> [Exercise prompt]
Repeat exactly the stretch of lines that starts with the one containing "Marl Grey Timber" and ends with the last line of the material. Leave out pictures.

=== Begin Enclosure ===

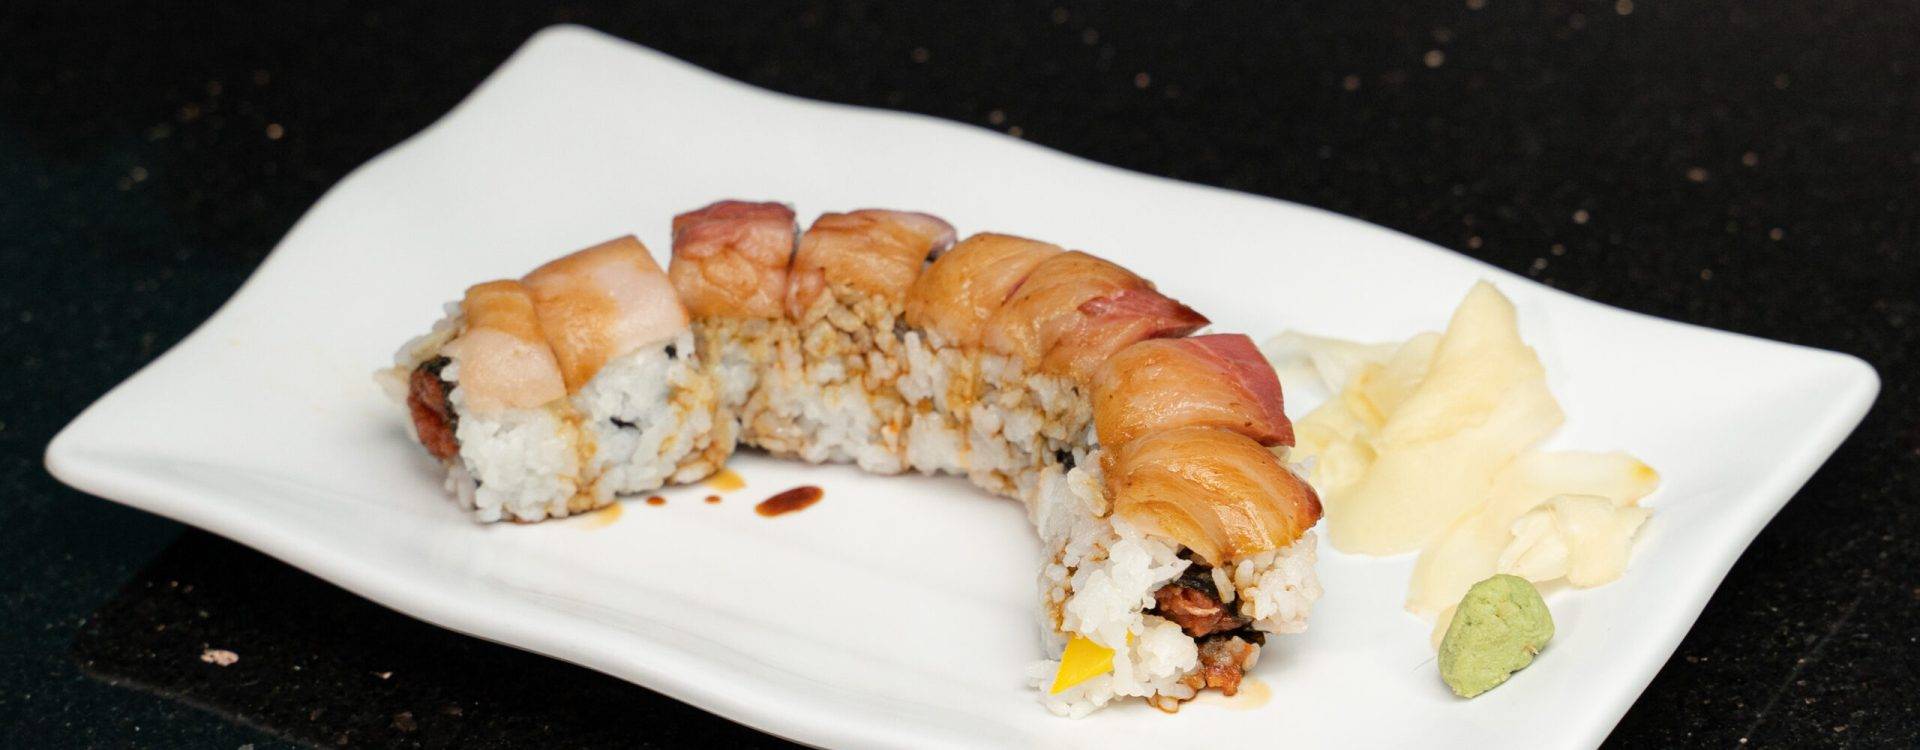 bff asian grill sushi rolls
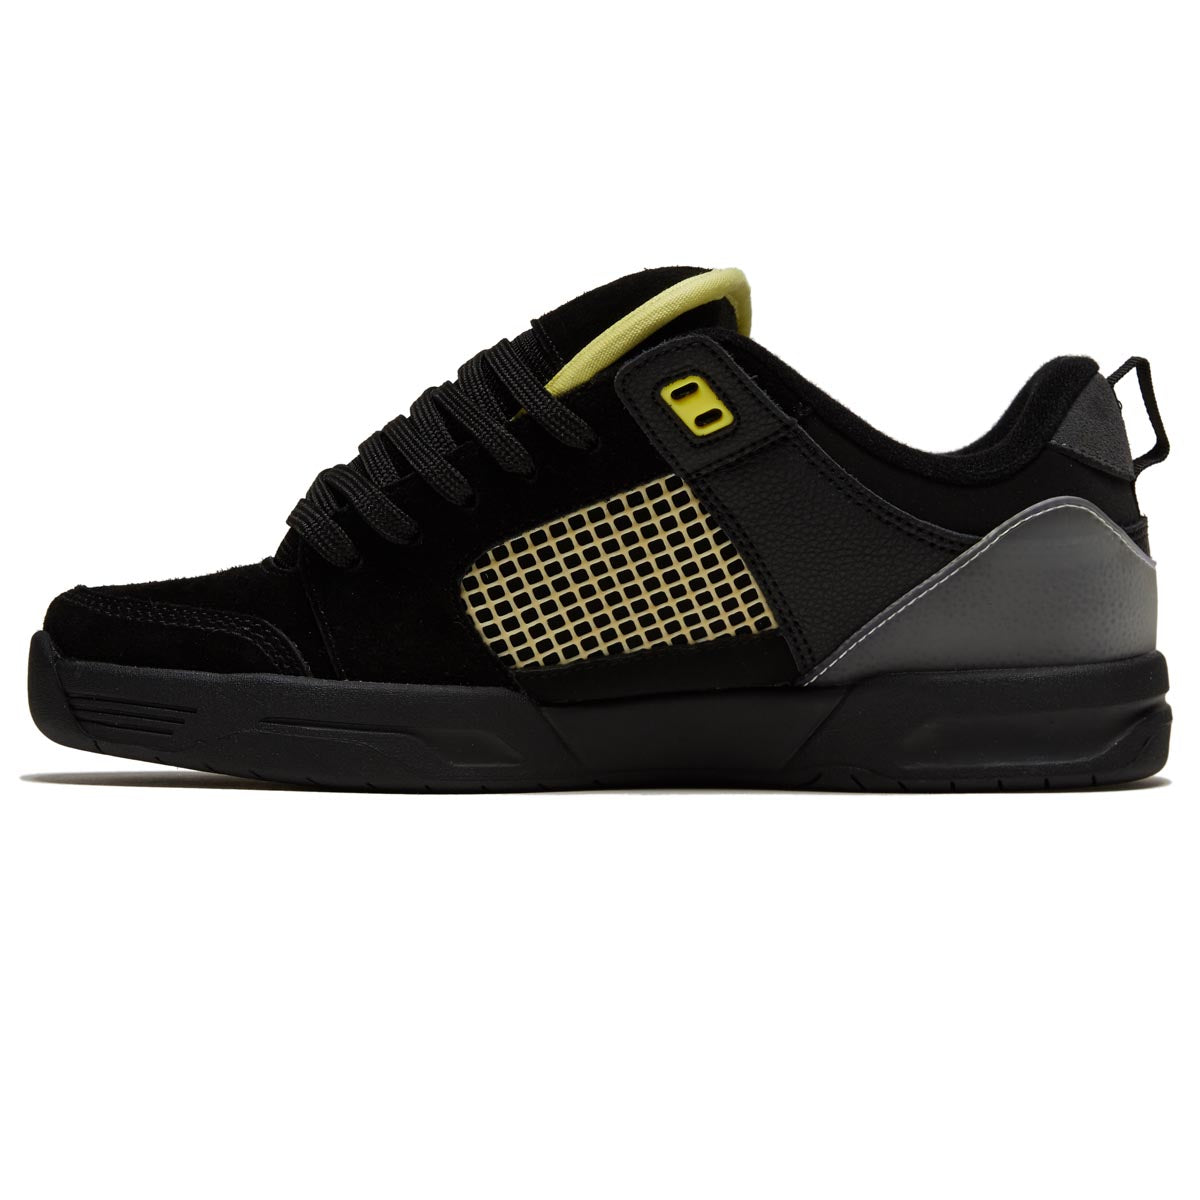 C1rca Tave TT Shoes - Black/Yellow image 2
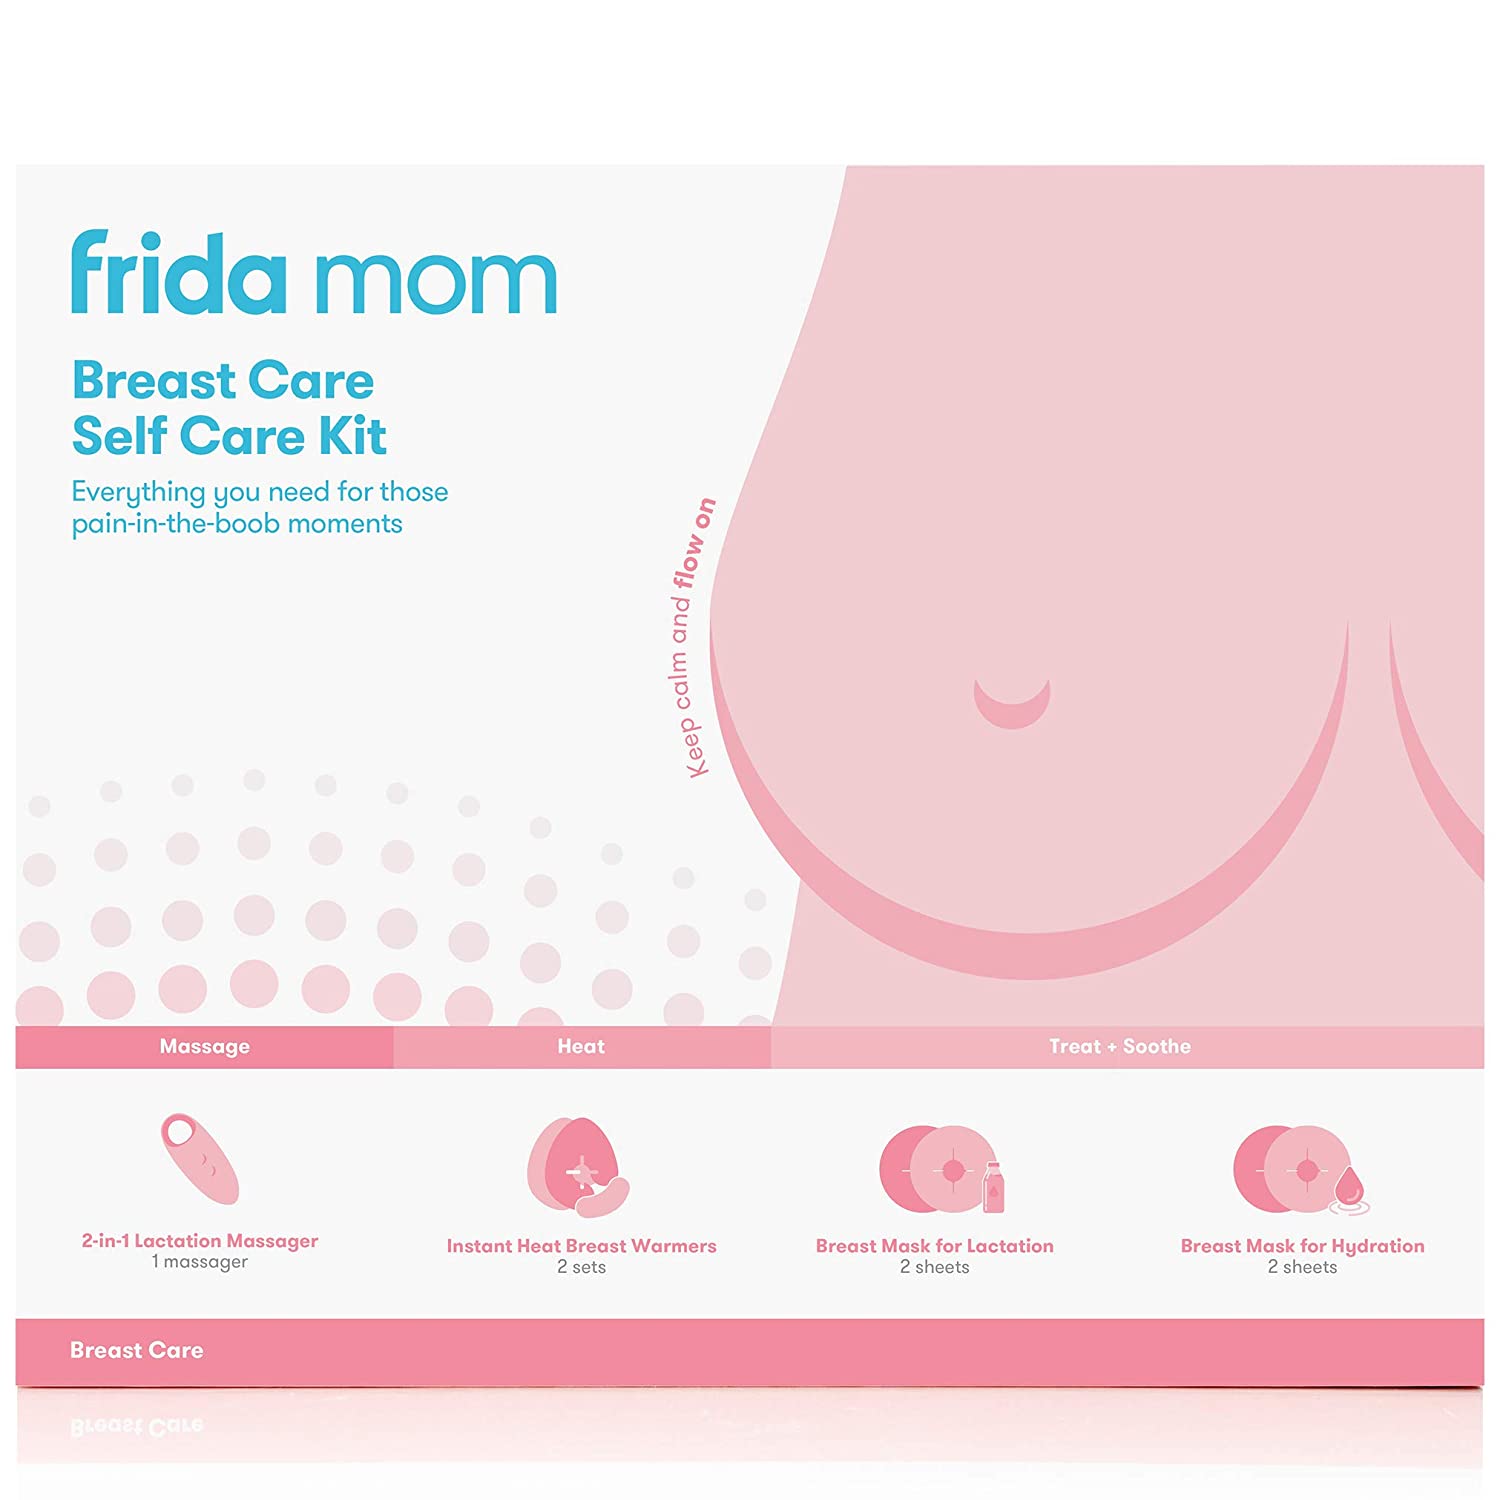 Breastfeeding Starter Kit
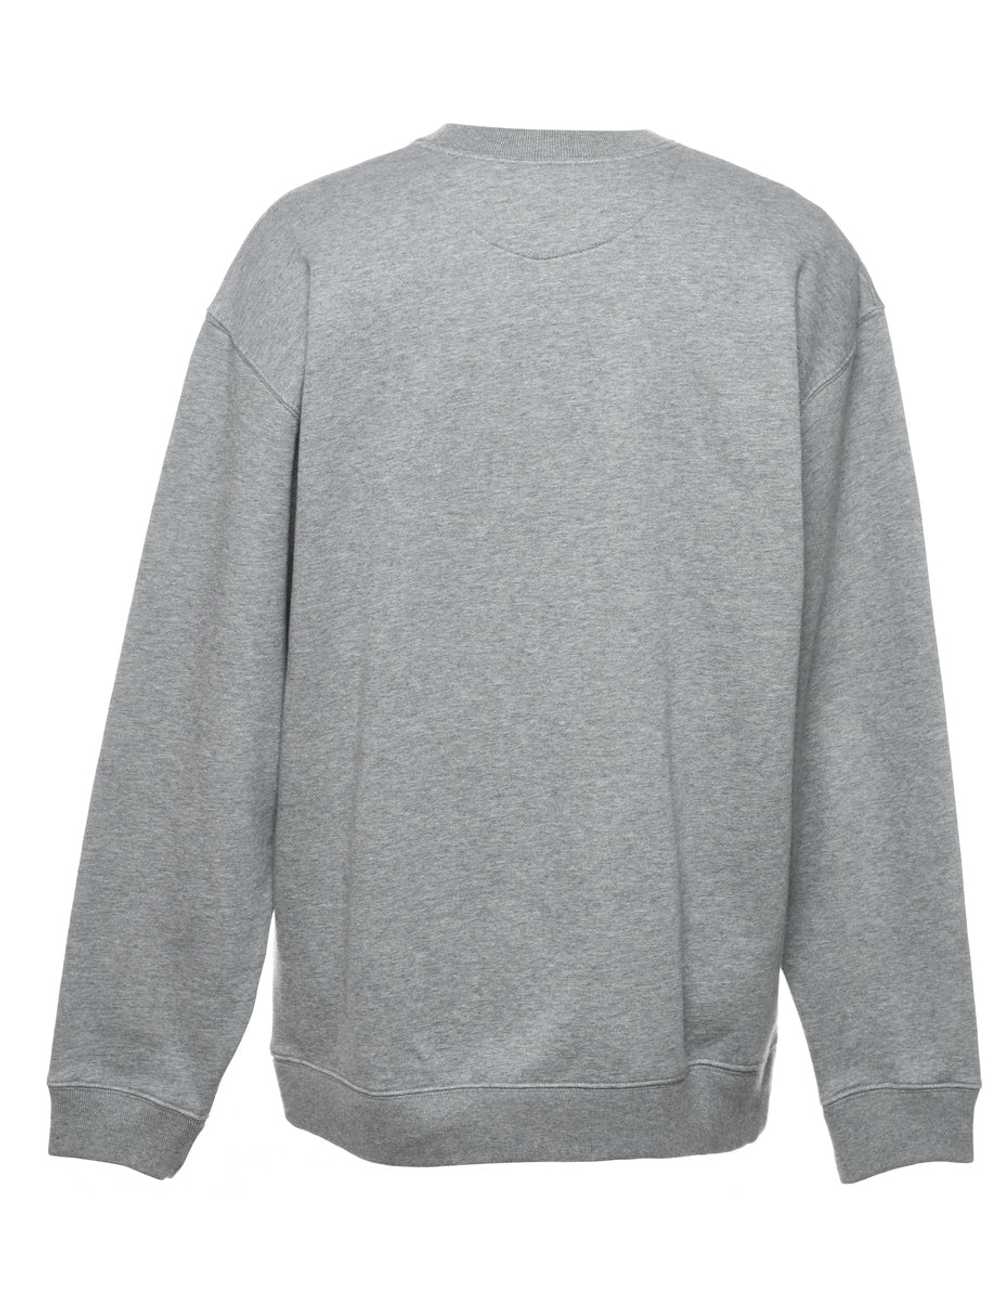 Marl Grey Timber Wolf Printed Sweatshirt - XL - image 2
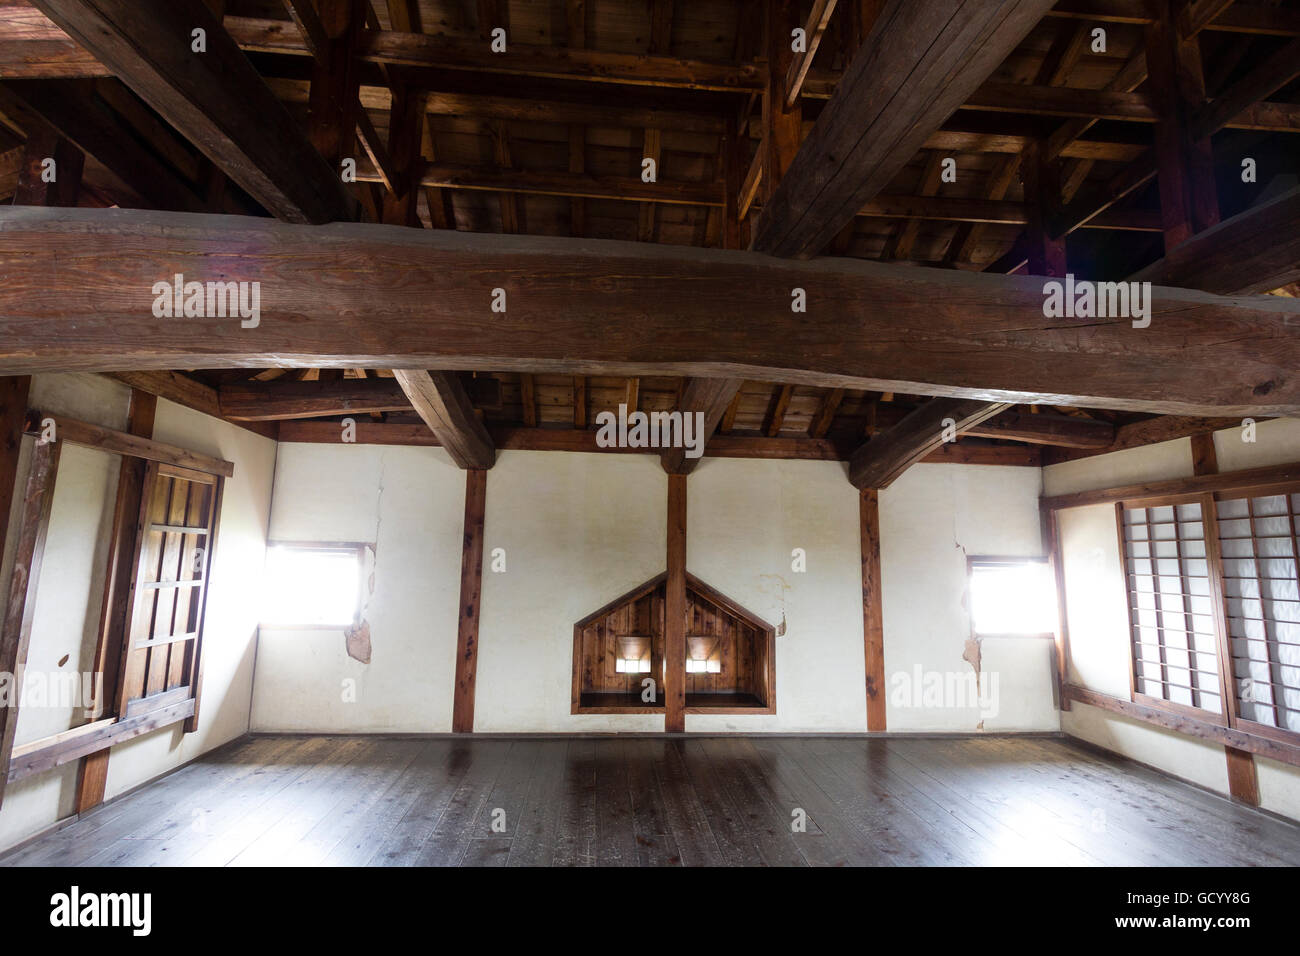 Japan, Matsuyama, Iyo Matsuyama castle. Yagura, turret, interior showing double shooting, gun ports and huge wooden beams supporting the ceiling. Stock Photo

=== End Enclosure ===

> [Solution for this problem]
 Marl Grey Timber Wolf Printed Sweatshirt - XL - image 2
 Japan, Matsuyama, Iyo Matsuyama castle. Yagura, turret, interior showing double shooting, gun ports and huge wooden beams supporting the ceiling. Stock Photo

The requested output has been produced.